GRYPHON好きは是非! ANCIENT VEILがまさかの2ndをリリース!


ANCIENT VEIL 「I Am Changing」'16 c0072376_17334678.jpg

まさかのイタリア産フォーキー・シンフォ・プログレ・デュオの2ndが21年ぶり(!!)にリリースされたので即GET!!

ANCIENT VEILのデビュー作がERIS PLUVIAの2nd名義にされたゴタゴタは、先頃リリースされたERIS PLUVIAの新譜紹介の時に語りましたが、こうしてANCIENT VEIL名義の2ndがリリースされた所を見ると『アレはレコード会社の勝手なプロモで、ちゃんと別バンドなんだぞ。アレがERIS PLUVIAの2ndなんて俺達は認めてないぞ!』という Alessandro Serriの無言の主張が聞こえてきそうです(w

まぁ、普通に考えてERIS PLUVIAのギタリスト Alessandro SerriのサイドバンドANCIENT VEILのデビュー作と捉えるべきだったのは間違いないんですよね(汗

で、この待望の2ndなんですが、前作は弦楽器奏者 Alessandro Serri(Vo、G)と管楽器奏者 Edmondo Romano(Tenor&Soprano Sax)の2人のみがメンバーで、他はサポートメンツで固めていたプロジェクト作の臭いが強いユニットでしたが、本作では新たにキーボーディストの Fabio Serri(Piano、Moog、Hammond organ、Synth)を加えたトリオ編成となり、そこへホルンやフルート、オーボエ、ヴィオラ、ヴァイオリン、チェロ等々のゲスト奏者を再び多数迎えての製作となっております。

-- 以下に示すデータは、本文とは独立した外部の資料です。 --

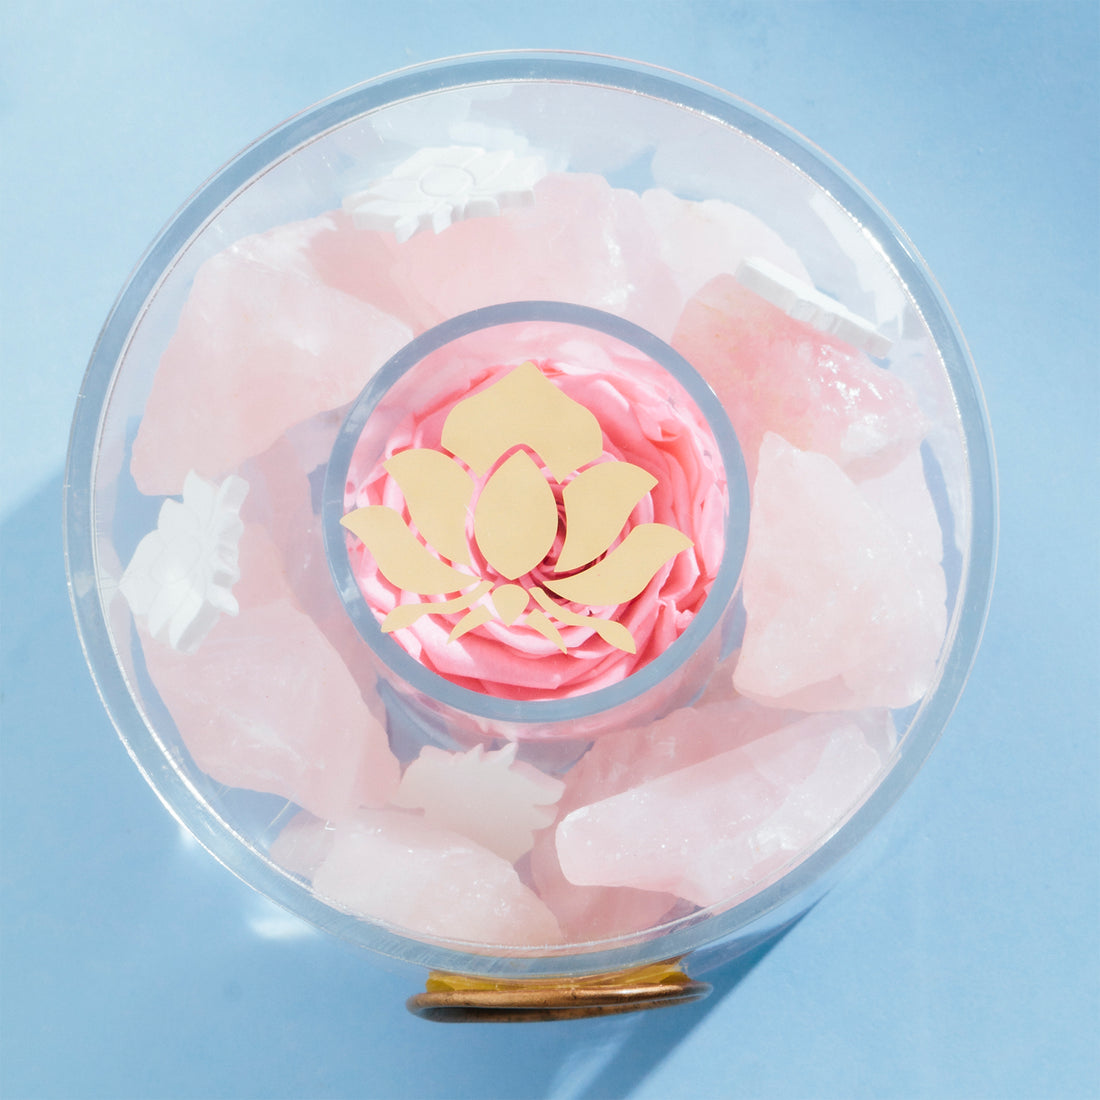 Rose Quartz Crystal Diffuser by La Fleur Lifetime Flowers

既にかなりの年月が流れた事や参加しているバックのメンツも全く違い、更に本作ではフィメールヴォーカル等のゲストヴォーカルが複数参加している事などもあってか前作のようなモロに民族音楽的なフォーキーサウンド色はやや後退し、キーボーディストを迎えた影響もあって幾分“普通のプログレ・バンド”っぽいサウンド・パートが聞こえております。

と、言ってもそれでも十分過ぎる程にフォーキーだし、GRYPHONっぽいアコースティカルで詩情深いシンフォ・サウンドにプンプンと古音楽の薫りが漂っているんですけどね。

うっすらバックでアコーディオンの原型みたいな English Concertinaのひなびた味のあるサウンドが響いているトコなんかモロに中世サウンドで、その手がお好きな方には堪らないでしょう。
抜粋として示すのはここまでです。